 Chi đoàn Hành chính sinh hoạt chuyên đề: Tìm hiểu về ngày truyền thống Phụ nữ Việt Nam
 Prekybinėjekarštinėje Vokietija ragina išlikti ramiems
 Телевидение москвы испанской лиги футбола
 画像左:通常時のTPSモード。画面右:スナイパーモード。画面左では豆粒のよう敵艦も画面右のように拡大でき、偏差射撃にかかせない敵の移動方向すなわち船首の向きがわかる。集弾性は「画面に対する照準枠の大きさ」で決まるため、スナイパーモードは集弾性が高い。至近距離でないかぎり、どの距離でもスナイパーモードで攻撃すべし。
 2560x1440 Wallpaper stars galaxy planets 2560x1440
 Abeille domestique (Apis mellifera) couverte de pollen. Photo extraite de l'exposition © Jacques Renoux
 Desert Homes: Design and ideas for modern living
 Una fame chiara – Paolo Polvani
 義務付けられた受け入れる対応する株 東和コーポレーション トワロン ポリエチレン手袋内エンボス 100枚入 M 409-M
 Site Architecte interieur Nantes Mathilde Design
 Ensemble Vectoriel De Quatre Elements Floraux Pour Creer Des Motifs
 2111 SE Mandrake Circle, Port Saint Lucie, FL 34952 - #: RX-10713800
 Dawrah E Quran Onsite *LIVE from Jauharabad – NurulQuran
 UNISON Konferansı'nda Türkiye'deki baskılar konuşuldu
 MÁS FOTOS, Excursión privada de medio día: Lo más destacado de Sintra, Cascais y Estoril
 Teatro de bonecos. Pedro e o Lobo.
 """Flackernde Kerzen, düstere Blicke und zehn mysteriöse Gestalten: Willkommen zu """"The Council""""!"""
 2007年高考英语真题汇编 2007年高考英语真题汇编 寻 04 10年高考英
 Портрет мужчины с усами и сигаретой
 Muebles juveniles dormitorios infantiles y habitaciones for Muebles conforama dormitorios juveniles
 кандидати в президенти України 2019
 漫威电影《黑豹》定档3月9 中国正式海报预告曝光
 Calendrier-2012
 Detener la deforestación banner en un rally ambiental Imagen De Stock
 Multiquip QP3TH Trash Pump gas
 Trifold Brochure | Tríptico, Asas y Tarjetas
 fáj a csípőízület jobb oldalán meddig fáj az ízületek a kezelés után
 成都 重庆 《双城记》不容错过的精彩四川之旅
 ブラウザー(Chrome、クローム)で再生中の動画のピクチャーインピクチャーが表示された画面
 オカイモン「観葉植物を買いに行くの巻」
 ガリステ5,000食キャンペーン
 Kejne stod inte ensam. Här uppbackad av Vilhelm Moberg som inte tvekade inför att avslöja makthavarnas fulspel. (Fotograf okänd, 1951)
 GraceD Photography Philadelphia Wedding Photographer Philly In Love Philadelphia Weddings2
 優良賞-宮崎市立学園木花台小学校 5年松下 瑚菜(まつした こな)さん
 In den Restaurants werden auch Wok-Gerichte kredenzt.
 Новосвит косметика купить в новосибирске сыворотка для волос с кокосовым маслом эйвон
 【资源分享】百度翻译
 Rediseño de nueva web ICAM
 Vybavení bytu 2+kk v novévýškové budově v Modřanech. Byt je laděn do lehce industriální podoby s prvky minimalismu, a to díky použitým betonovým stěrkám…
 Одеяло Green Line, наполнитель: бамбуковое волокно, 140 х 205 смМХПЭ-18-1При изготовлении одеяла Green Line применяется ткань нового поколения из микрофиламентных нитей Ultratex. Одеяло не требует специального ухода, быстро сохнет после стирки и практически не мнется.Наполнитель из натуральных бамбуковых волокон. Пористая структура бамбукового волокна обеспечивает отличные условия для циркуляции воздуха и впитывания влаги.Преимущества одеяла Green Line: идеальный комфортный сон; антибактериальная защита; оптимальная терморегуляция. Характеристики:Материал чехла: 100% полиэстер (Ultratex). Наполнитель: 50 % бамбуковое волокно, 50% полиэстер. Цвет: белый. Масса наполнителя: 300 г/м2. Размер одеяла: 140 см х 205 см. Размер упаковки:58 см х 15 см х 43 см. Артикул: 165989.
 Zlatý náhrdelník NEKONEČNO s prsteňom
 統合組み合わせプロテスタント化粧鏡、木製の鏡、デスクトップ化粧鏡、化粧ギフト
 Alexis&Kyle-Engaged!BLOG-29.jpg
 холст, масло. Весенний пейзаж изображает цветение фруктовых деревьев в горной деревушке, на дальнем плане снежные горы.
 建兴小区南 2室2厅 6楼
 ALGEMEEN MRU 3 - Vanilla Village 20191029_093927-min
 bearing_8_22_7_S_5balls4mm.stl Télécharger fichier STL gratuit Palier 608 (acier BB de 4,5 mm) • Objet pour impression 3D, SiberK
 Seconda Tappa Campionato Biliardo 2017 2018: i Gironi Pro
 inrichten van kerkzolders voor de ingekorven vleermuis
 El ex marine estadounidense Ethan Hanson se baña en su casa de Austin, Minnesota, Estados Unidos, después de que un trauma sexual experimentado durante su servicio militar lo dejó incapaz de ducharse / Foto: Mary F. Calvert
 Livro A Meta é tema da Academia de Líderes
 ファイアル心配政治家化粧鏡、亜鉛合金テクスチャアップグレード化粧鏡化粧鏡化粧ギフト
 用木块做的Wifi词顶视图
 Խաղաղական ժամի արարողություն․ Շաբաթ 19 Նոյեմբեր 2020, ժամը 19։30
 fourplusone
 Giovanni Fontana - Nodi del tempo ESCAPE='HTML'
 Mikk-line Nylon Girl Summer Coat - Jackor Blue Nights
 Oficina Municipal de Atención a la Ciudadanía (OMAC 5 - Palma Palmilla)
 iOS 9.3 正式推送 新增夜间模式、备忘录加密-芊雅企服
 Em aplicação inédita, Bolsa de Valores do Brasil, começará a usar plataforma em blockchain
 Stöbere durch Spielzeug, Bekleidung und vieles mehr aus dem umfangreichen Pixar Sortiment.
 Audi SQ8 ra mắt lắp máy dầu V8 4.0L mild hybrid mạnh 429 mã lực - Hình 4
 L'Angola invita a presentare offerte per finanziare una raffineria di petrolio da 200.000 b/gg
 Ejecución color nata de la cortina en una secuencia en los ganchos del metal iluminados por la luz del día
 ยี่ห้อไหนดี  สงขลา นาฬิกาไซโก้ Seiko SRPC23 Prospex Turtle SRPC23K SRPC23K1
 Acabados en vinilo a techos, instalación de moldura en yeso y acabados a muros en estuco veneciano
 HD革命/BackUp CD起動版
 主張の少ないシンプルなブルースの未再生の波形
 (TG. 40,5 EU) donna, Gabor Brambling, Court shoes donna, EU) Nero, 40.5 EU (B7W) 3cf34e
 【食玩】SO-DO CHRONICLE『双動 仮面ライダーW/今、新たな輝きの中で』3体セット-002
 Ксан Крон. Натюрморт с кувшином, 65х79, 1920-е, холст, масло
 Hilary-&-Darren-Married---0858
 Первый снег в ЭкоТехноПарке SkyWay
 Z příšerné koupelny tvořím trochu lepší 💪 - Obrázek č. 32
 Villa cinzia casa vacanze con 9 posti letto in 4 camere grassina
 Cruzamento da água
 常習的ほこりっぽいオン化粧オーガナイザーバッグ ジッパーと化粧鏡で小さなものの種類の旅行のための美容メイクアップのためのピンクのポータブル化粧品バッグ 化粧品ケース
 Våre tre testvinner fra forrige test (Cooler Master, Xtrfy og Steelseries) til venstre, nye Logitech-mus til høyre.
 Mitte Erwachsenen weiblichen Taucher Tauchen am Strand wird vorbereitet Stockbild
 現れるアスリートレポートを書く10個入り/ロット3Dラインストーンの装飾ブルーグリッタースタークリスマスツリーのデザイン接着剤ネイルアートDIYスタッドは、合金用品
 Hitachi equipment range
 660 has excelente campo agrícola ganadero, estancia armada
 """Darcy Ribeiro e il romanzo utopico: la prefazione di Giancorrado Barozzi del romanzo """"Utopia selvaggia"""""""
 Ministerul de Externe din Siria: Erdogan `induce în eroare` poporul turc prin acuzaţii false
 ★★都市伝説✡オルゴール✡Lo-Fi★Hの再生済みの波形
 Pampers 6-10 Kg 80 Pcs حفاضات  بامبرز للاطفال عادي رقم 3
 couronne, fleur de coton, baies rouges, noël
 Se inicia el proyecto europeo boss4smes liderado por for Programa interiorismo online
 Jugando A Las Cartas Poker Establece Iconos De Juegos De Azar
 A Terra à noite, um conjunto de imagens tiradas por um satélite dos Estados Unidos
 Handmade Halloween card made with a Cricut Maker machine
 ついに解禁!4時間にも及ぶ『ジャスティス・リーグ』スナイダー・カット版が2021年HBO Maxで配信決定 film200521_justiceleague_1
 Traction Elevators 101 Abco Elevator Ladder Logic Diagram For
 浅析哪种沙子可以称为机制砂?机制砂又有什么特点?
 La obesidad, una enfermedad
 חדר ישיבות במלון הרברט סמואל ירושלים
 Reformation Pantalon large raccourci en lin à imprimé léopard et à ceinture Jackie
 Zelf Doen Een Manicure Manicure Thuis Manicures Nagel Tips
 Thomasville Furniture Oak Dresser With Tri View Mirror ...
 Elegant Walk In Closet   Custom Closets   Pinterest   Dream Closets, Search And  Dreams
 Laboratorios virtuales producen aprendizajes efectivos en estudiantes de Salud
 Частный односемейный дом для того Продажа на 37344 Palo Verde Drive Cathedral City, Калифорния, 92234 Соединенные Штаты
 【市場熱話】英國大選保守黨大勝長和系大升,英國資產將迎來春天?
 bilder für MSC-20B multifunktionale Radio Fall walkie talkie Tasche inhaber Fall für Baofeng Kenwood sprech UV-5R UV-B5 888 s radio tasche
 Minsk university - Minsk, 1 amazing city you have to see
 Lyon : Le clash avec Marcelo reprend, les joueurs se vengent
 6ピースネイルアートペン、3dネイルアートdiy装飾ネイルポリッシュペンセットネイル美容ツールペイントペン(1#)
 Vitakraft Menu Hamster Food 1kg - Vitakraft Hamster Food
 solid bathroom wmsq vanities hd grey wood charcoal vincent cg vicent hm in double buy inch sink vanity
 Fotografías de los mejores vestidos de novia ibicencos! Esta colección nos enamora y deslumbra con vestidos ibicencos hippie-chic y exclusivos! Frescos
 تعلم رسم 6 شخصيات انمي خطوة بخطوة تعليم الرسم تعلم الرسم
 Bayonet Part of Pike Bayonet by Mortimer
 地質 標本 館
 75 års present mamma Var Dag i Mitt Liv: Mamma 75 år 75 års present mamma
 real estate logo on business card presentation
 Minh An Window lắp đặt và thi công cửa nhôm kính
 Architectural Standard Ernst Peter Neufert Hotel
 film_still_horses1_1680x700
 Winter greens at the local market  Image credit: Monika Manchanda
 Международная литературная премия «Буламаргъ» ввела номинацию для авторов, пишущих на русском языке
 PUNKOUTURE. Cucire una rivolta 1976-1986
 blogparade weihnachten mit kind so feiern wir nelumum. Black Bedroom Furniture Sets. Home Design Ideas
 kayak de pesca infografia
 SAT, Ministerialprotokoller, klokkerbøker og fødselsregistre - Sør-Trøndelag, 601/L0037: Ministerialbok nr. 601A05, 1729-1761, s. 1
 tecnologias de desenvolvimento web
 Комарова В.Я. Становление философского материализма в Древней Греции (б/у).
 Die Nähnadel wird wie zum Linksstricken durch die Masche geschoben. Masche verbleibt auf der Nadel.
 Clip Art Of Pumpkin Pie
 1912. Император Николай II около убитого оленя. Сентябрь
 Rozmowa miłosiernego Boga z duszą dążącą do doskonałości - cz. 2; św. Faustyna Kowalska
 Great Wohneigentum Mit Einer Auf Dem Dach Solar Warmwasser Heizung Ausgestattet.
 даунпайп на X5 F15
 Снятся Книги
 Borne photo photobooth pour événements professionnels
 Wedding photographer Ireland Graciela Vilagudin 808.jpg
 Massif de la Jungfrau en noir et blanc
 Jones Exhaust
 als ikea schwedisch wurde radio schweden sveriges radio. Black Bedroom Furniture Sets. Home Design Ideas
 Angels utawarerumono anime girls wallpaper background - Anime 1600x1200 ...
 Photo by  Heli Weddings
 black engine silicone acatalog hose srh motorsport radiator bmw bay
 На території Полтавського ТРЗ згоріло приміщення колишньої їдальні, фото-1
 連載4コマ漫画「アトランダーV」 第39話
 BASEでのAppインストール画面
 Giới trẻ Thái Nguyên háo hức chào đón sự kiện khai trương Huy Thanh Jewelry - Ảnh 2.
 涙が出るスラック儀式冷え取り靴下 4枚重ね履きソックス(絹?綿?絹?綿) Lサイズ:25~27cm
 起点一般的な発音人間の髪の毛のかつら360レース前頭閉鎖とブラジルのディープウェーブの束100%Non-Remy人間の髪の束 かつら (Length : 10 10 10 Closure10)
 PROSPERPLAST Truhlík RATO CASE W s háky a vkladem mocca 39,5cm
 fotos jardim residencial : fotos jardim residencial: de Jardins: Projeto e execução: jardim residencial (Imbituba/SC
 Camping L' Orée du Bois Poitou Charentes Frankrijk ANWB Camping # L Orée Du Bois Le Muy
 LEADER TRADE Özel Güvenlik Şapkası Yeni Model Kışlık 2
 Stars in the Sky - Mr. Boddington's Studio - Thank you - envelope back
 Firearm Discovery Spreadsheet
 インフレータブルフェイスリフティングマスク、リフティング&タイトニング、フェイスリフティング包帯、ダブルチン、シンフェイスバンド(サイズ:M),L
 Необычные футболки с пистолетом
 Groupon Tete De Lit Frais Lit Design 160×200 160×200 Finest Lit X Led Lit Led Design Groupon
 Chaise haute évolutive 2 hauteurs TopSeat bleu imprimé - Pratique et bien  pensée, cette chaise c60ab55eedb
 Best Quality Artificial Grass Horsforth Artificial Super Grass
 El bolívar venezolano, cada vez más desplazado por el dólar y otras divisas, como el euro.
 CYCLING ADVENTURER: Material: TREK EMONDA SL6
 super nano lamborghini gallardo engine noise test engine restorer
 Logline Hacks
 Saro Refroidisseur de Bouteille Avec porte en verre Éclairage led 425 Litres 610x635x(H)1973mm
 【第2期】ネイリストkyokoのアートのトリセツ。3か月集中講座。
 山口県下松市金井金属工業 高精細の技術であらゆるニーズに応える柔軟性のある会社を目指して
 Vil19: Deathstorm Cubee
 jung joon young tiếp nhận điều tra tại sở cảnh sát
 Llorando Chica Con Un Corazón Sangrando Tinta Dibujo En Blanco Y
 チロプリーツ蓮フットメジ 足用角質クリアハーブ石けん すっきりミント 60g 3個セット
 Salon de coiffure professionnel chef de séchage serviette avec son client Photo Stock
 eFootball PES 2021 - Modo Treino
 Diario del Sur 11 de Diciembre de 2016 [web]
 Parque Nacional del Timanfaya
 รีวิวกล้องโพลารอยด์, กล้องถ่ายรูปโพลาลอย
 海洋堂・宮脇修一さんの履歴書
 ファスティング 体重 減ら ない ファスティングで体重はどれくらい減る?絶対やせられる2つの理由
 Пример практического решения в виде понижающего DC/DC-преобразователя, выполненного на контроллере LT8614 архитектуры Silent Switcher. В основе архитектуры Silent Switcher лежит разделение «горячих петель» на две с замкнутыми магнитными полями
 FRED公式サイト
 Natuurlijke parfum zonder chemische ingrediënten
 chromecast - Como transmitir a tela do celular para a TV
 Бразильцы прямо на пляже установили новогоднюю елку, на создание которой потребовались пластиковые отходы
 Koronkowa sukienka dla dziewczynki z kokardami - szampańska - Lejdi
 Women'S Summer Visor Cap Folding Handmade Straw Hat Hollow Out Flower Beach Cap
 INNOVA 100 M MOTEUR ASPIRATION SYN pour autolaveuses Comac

----

*PROBLEM TO SOLVE*
In how many lines of the records does the word "imprimé" appear? Answer with the number only.

*SOLUTION*
2